Immune-related unwanted secondary effects are called immune-related adverse events (irAEs) and thyroid disorders are often caused by irAE [65]. On the other hand, adjuvants particularly vaccines were reported to ignite various undesirable immune response that causes a spectrum of autoimmune disorders (AIDs) which also include thyroid diseases [66]. Recently, two SARS-CoV-2 vaccine-induced Graves’ disease cases were reported [67]. This incidence was observed in two health care workers after 2–3 days of Pfizer-BioNTech (BNT162B2 SARS-CoV-2) vaccination. These patients well-responded to the conventional therapies (propranolol 40–60 mg, thiamazole 10 mg with/without diltiazem 120 mg, and ivabradine 5 mg daily) and recovered [67]. This autoimmune/inflammatory condition induced by adjuvants termed autoimmune syndromes-induced by adjuvants (ASIA). Most of the constituents of the vaccines are safe but a few substances including polyethylene glycol (PEG) are likely to act as an adjuvant by inducing an immune response, despite scarce [68]. Yet, the currently noticed, Graves’ disease in vaccinated cases certainly indicates that it is a pathological phenomenon of autoimmune conditions induced by adjuvants. In fact, similar clinical conditions have already been observed in cancer patients who were treated with immune-checkpoint inhibitors (ICPis). Particularly, the ICPis including anti-CTLA-4 (ipilimumab and tremelimumab) and anti-programmed cell death protein-1 (anti-PD-1) (pembrolizumab and nivolumab) were shown to induce Graves’ hyperthyroidism/Graves’ ophthalmopathy in immune-checkpoint inhibitor-treated cancer patients. They were reported to be medically managed either with glucocorticoids or methimazole/carbimazole while rarely performed thyroidectomy [69]. These findings suggest that factors inducing autoimmune and/or inflammatory conditions may also have a risk to trigger Graves’ disease regardless of their diversity.

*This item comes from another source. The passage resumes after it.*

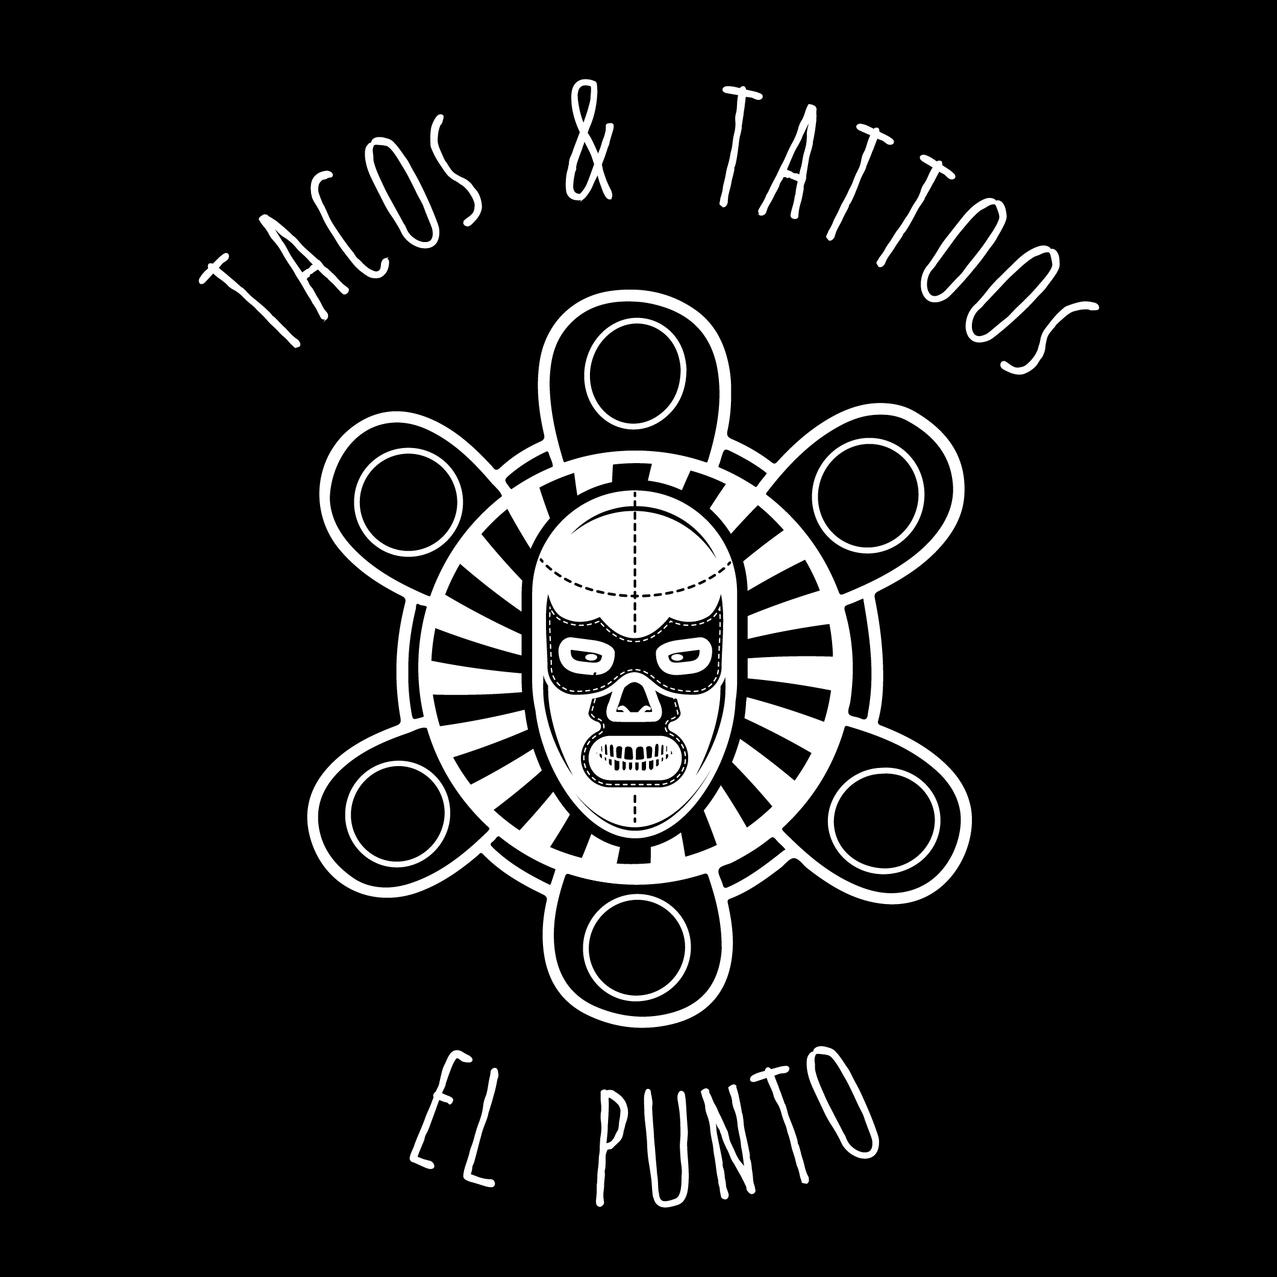 Tacos and Tattoos El Punto

Conclusions and future prospective

Recent studies reveal that the SARS-CoV-2 infection could cause Graves’ disease, an autoimmune hyperthyroidism in the post-COVID-19 cases. Various autoimmune factors may mediate complex pathogenic signaling in autoimmune hyperthyroidism. Future studies are warranted to rule out the autoimmune factors and molecular pathways implicated in SARS-CoV-2-induced autoimmune hyperthyroidism. Further, related findings suggest that people with hyperthyroidism are likely at an enhanced risk of severe and deadly COVID-19 disease regardless of the underlying other etiological factors. Various comorbid conditions including thyroid disease have been reported to enhance the risk of a part of larger human communities in the world to SARS-CoV-2 and its related COVID-19 complications that may collectively result in high mortality. The direct functional relationship of thyroid gland with COVID-19 is rapidly evolving and this scenario alerts researchers and/or physicians in this field for careful observation of other and unrecorded clinical phenomena in relation to COVID-19.